Why did the epithelial cancer field overlook fusion genes as an important kind of mutation? Fusions had been considered to be a feature of leukemias, not epithelial cancers such as breast cancer, but this merely reflected our ignorance [14]. The cytogenetics of carcinomas shows large numbers of rearrangements, many of them unbalanced. It was argued that this genomic mayhem was mostly noise or irrelevant late-progression events, that most selected rearrangements reflected loss of tumor suppressors, and that this was supported by the apparent lack of highly recurrent rearrangements analogous to the iconic BCR-ABL gene in chronic myeloid leukemia. None of these was a strong argument [2]; we had underestimated the sheer number of gene changes in tumors; tumor suppressor gene loss may account for some rearrangements but not all of them; and the BCR-ABL paradigm is misleading, as very few fusion genes are present in a high proportion of cases of a disease, the vast majority of fusion genes - even in leukemias - being rather rare [15].

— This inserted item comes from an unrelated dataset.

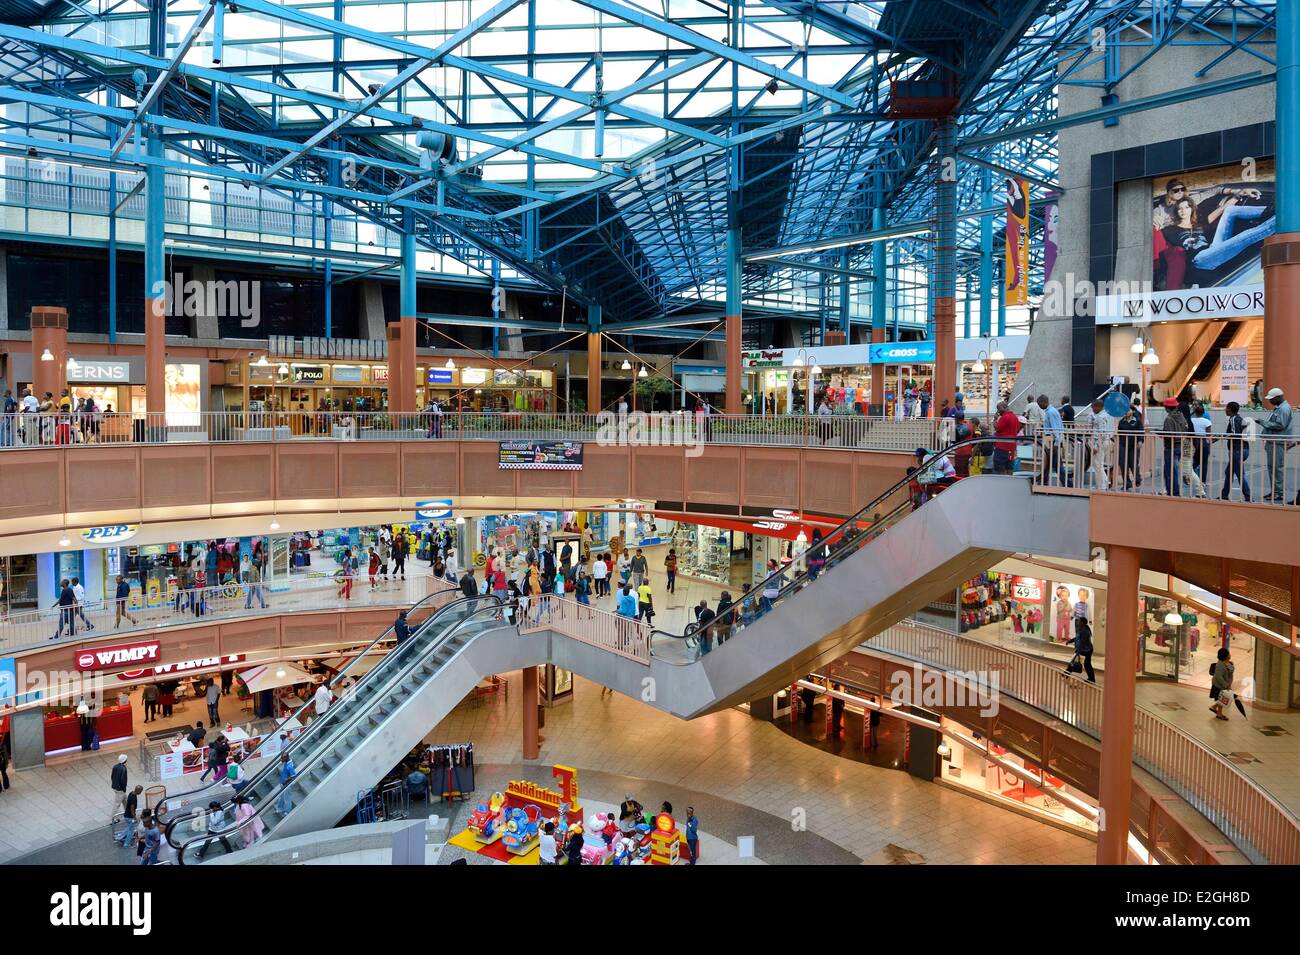 South Africa Gauteng province Johannesburg CBD (Central Business District) Carlton center downtown Mall Stock Photo

Fusions may be abundant in breast cancers, but are they meaningful? Some may be noise. Some most likely inactivate genes [8]. However, many seem to involve cancer-relevant genes such as chromatin modifiers and signaling proteins, and now Robinson and colleagues have described fusions of the MAST kinase and Notch gene families and provide evidence that they are functional.

By extrapolation from the emerging data, many breast cancers may have 10 to 20 fusion genes in addition to their point-mutated, deleted, and amplified genes and genes silenced by methylation. Given the power of fusion as a type of mutation, fusion genes are likely to make a substantial contribution to the development of breast cancer.

Abbreviation

MAST: microtubule-associated serine threonine.

Competing interests

The authors declare that they have no competing interests.